Даррел не верил, что его дочь умерла сама.
Когда судмедэксперт сказал, что многие из синяков Линда получила уже давно и они постепенно заживали, Даррелу тоже стало плохо. Те синяки она заработала в разное время и от разных мужчин - подарки её профессии. И вот к чему шла та двенадцатилетняя девочка, к чему её вела мать. К жизни, в которой игла с героином или остановка сердца стали бы величайшей милостью свыше. Заскрежетав зубами, Даррел раскрыл охотничий нож. Девочка шла и всё время оглядывалась, впивалась глазами в темноту, будто бы чувствовала, что там скрывается он. Вероятно, она делала так всегда и особенно под кокаином.
Потом они свернули за угол и мать принялась искать в сумке ключи. Они подошли к двери одного из захудалых номеров. Даррел тоже приблизился. Пьяные, обкуренные мать и дочь ввалились в номер. Они, конечно, не увидели, как огромный незнакомый старик выпрыгнул из-за ближайшего автомобиля и бросился к ним. Даррел втолкнул их в комнату и захлопнул дверь.
Он связал обеих скотчем, но оставил свободными ноги матери, для неё он приготовил кое - что особенное. Рот ей затыкать тоже не стал, пусть дочь слышит её крики.
- Не трогай мою мать! - орала девочка.
Потёки туши у неё на лице, будто превратились в чёрные слёзы, размазанная помада в кровоточащие шрамы.
Даррел по локоть загнал руку в истасканную вагину её матери.
- Пожалуйста, не трогай маму!
Даррел кромсал её детородные органы и с каждым рывком внутри у неё что - то мокро отвратительно раздиралось.
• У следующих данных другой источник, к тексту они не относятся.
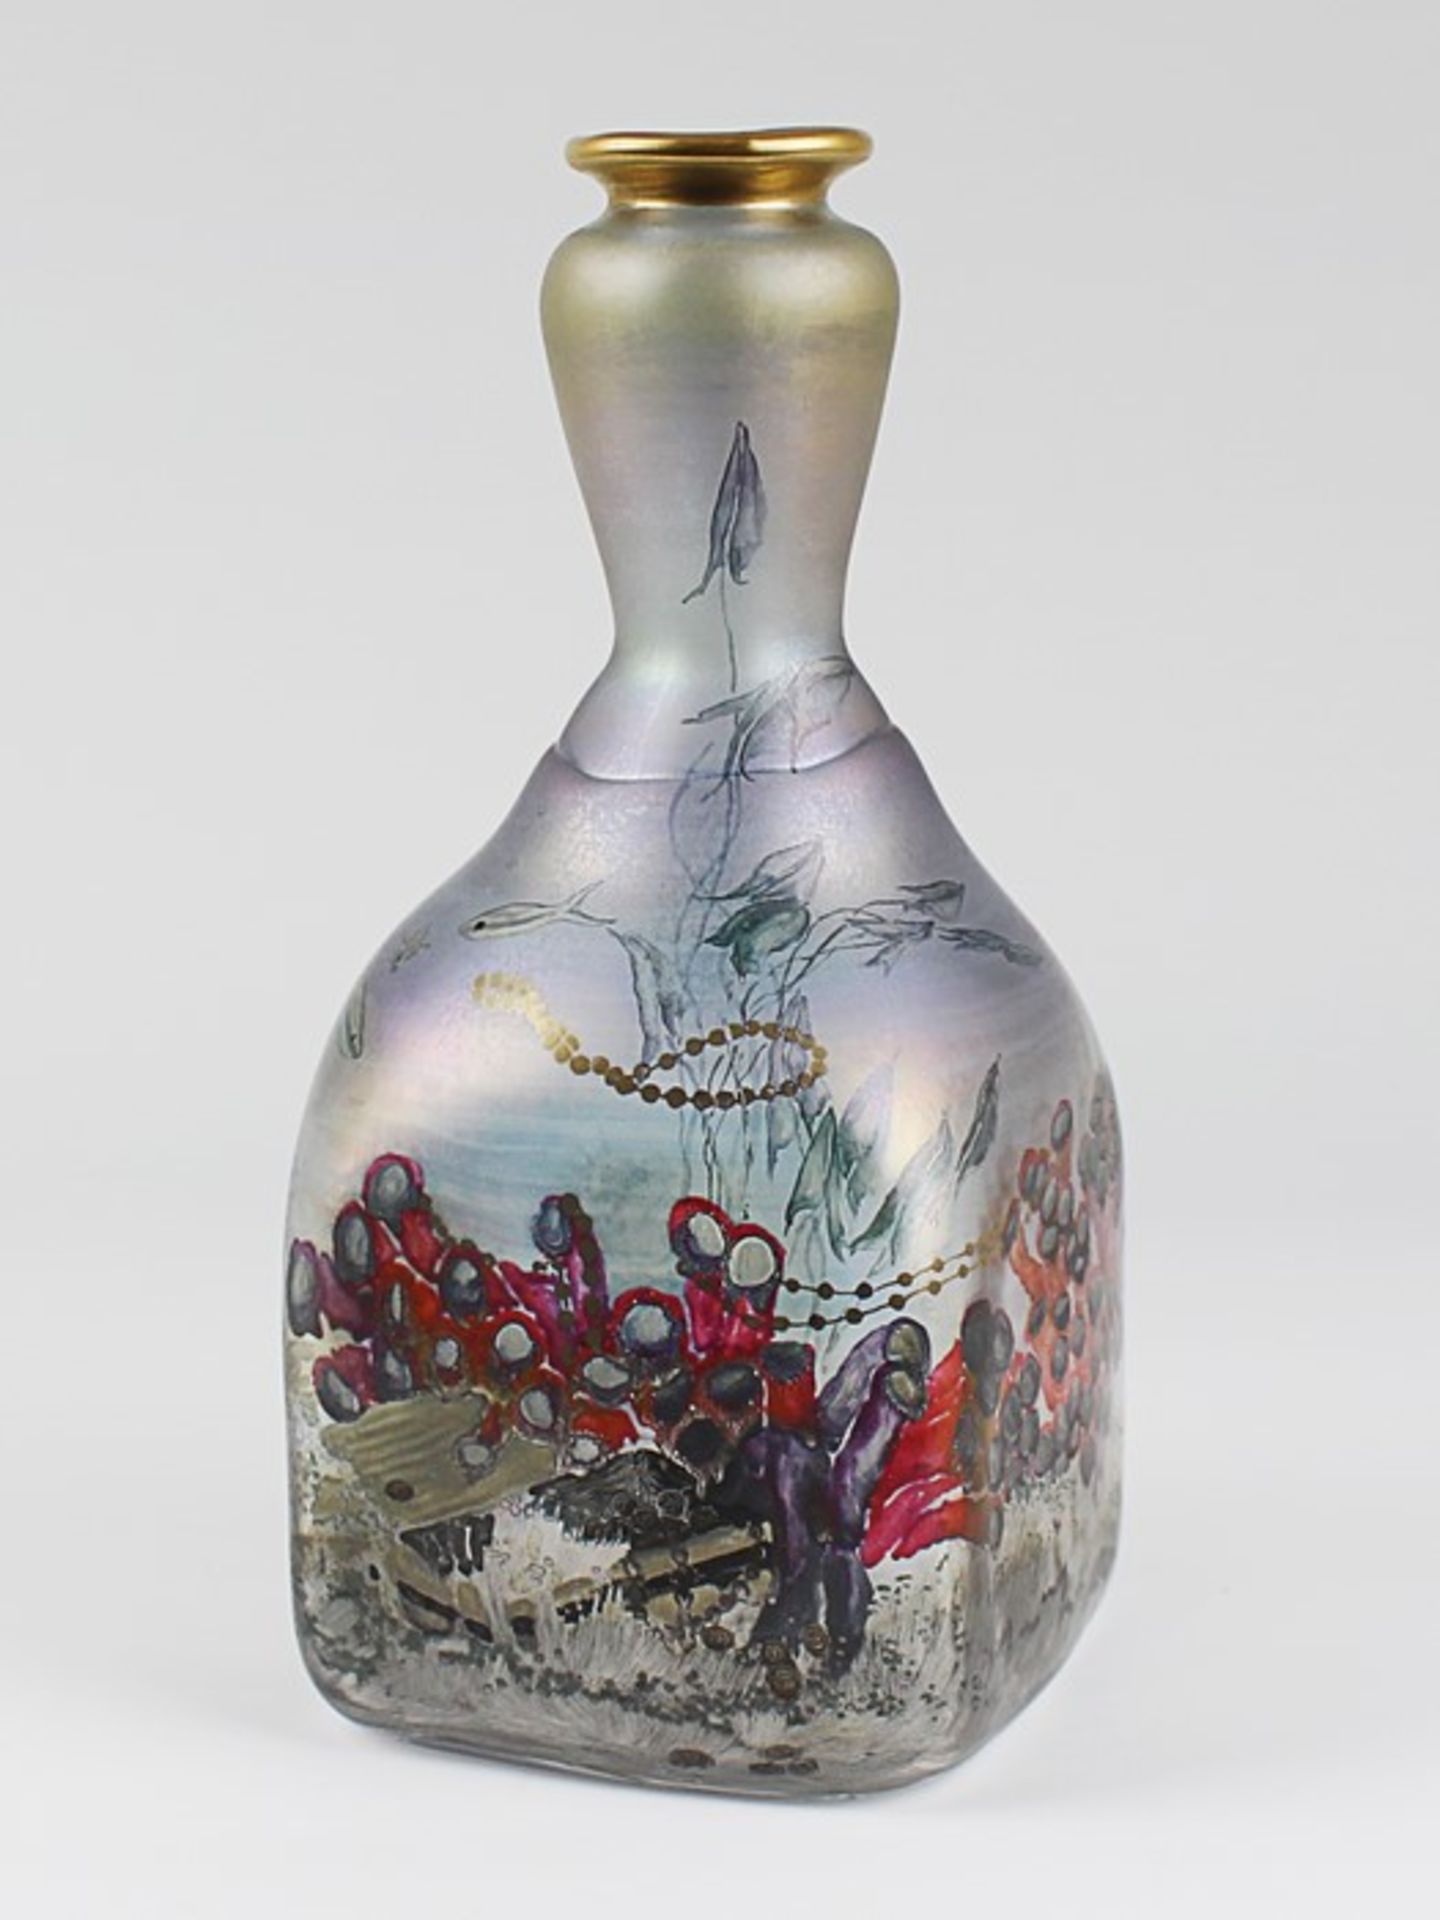 Eisch - Vase1985, Glashütte Eisch, Frauenau, farbloses Glas, quadratischer Stand, geschliffener

Даррел сунул ей в прямую кишку бутылку "Crown Royal", где она раскололась. Он врезался в эту падшую тварь до тех пор, пока обе её дырки не превратились в одну сплошную брешь, исторгающую кровавые потоки на пропитанный мочой ковролин номера. Женщина больше не кричала, только стонала, она впала в забытьё. Из распахнутых неподвижных глаз катились слёзы. Слёзы на её лице окрашивались в коричневый, смешиваясь с дерьмом Даррела. После всего, он испражнился прямо на неё.
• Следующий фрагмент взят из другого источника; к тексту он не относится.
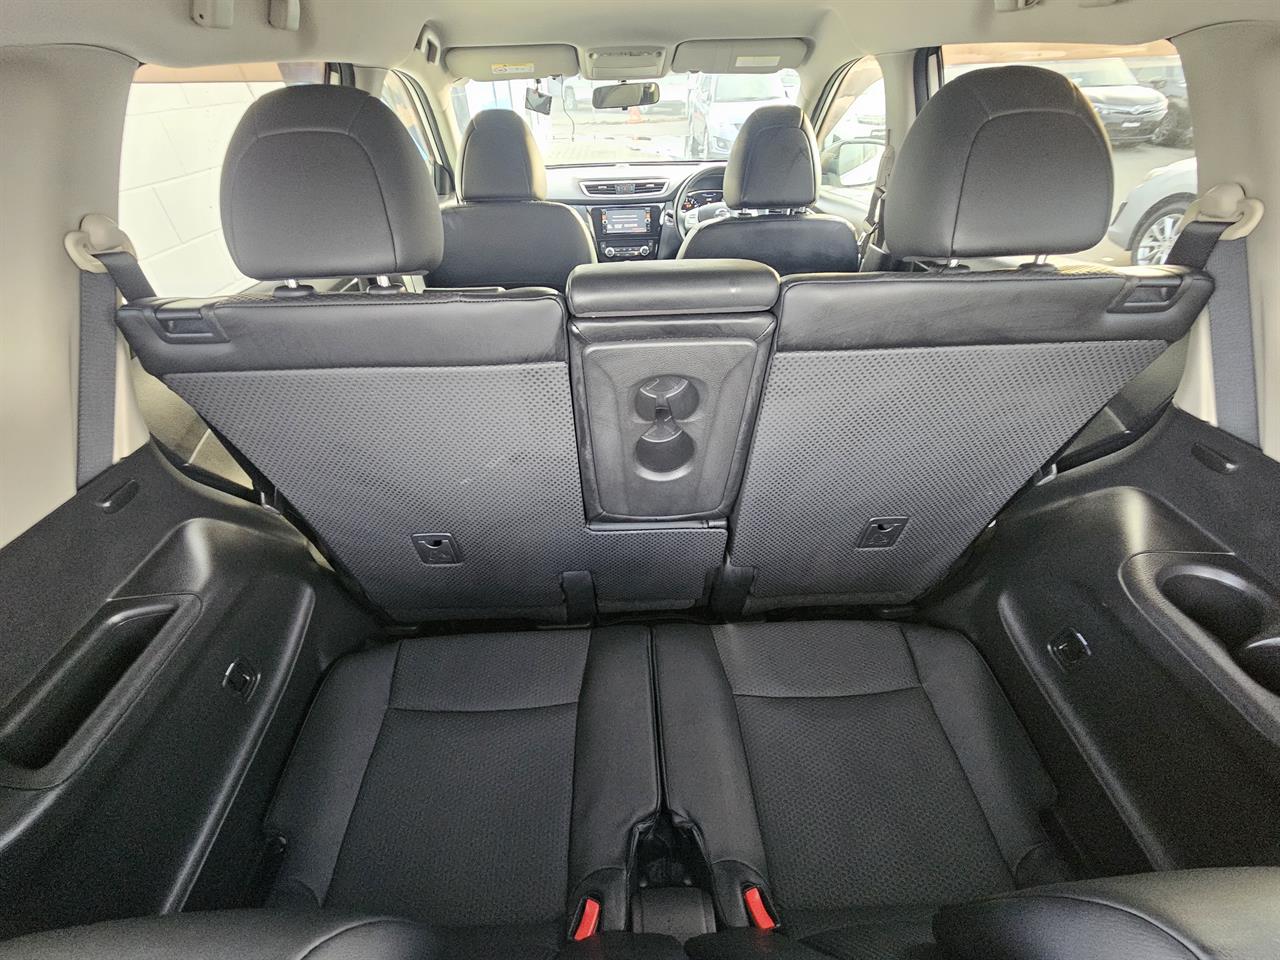 2014 Nissan X-Trail 7 Seats

- Ты этого хочешь? Хочешь кончить так же? Хочешь, как мама? - рычал он девочке.
Та визжала.
- Вернись в школу, берись за ум. А нет - устрою тебе ад пострашнее.
ЧМОК!
Из истерзанного нутра женщины Даррел вытянул руку. Всю в крови, дерьме, ошмётках плоти. Даррел скривился, поискал, где можно её вымыть и ушёл в ванную. На полу, залитом кровью, стенали мать и дочь. Из ванны Даррел вернулся с открытым ножом.
- Смотри, девочка, как поступают с блядями.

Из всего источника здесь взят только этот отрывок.